Listed Building – Grade II
- Official name: Muncaster War Memorial and area wall
- Designated: 21 January 1985
- Reference no.: 1086636

= Muncaster War Memorial =

War memorial in Muncaster, England

Muncaster War Memorial is a First World War memorial in the parish of Muncaster on the west coast of Cumbria in the far north-west of England. The memorial is one of fifteen War Crosses designed by Sir Edwin Lutyens; it was unveiled in 1922 and is now a grade II listed building.

==Background==
In the aftermath of the First World War and its unprecedented casualties, thousands of war memorials were built across Britain. Amongst the most prominent designers of memorials was the architect Sir Edwin Lutyens, described by Historic England as "the leading English architect of his generation". Lutyens designed the Cenotaph on Whitehall in London, which became the focus for the national Remembrance Sunday commemorations, as well as the Thiepval Memorial to the Missing—the largest British war memorial anywhere in the world—and the Stone of Remembrance which appears in all large Commonwealth War Graves Commission cemeteries and in several of Lutyens's civic war memorials. Muncaster's memorial is one of fifteen War Crosses by Lutyens, all sharing a broadly similar design.

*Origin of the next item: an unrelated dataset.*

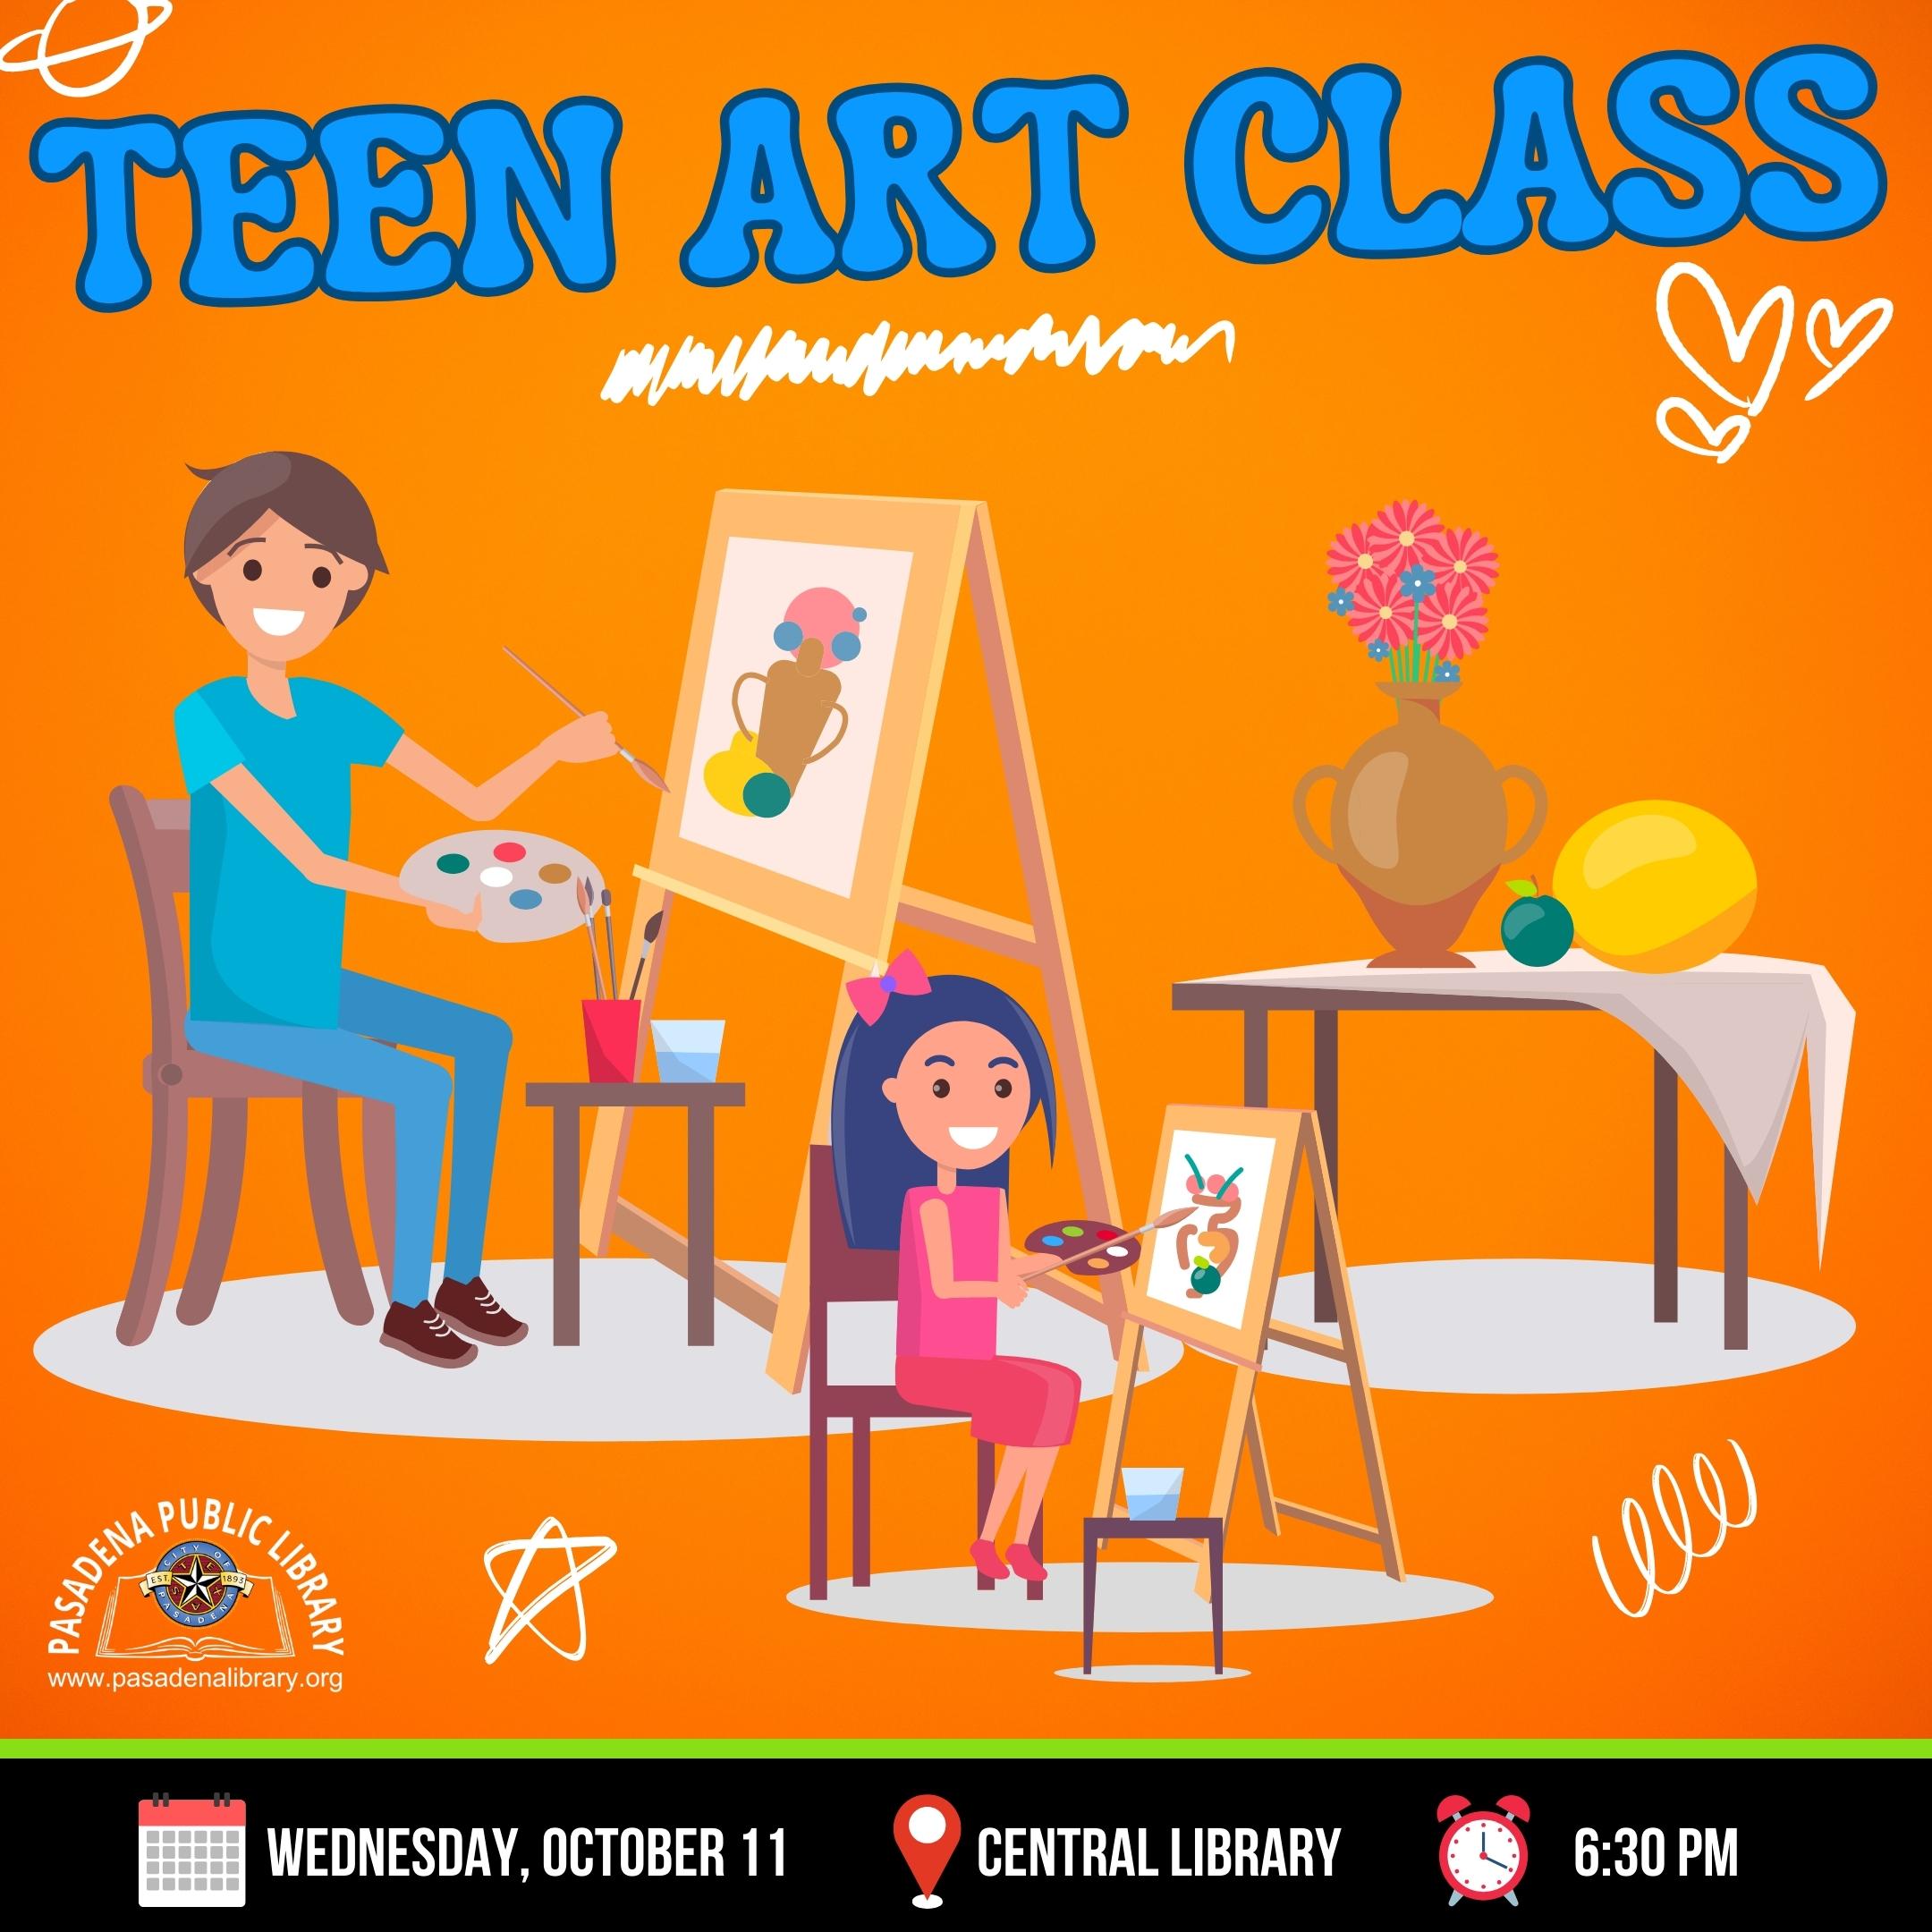 TEEN ART CLASS

Prior to the outbreak of the First World War, Lutyens established his reputation by designing country houses for wealthy clients. Many of Lutyens' commissions for war memorials originated with pre-war friends and clients; his connection with Muncaster came from Sir John Ramsden of Muncaster Castle. Lutyens originally travelled to the area in August 1918 to discuss alterations to the castle for Ramsden, which would have cost around £100,000; in the event nothing came of those plans, but Ramsden commissioned Lutyens to design the war memorial in April 1919. During his visit to Muncaster, Lutyens and his wife, Emily, exchanged letters discussing possible inscriptions for his Stone of Remembrance.

==History and design==
The memorial stands on a junction of the A595 road between Barrow-in-Furness (the main town in the area) and Gosforth, at the top of the road to the village of Ravenglass on the west coast. One of Lutyens' fifteen War Crosses, it consists of a tapering shaft in Lakeland granite, to which the short arms are moulded close to the top. At the base of the cross is a rectangular plinth which is inscribed with the dedication: "TO THE MEN OF MUNCASTER WHO FELL IN THE GREAT WAR", and beneath that is a laurel wreath in relief carving—such wreaths appear on several of Lutyens' other memorials but Muncaster's is the only War Cross to bear one.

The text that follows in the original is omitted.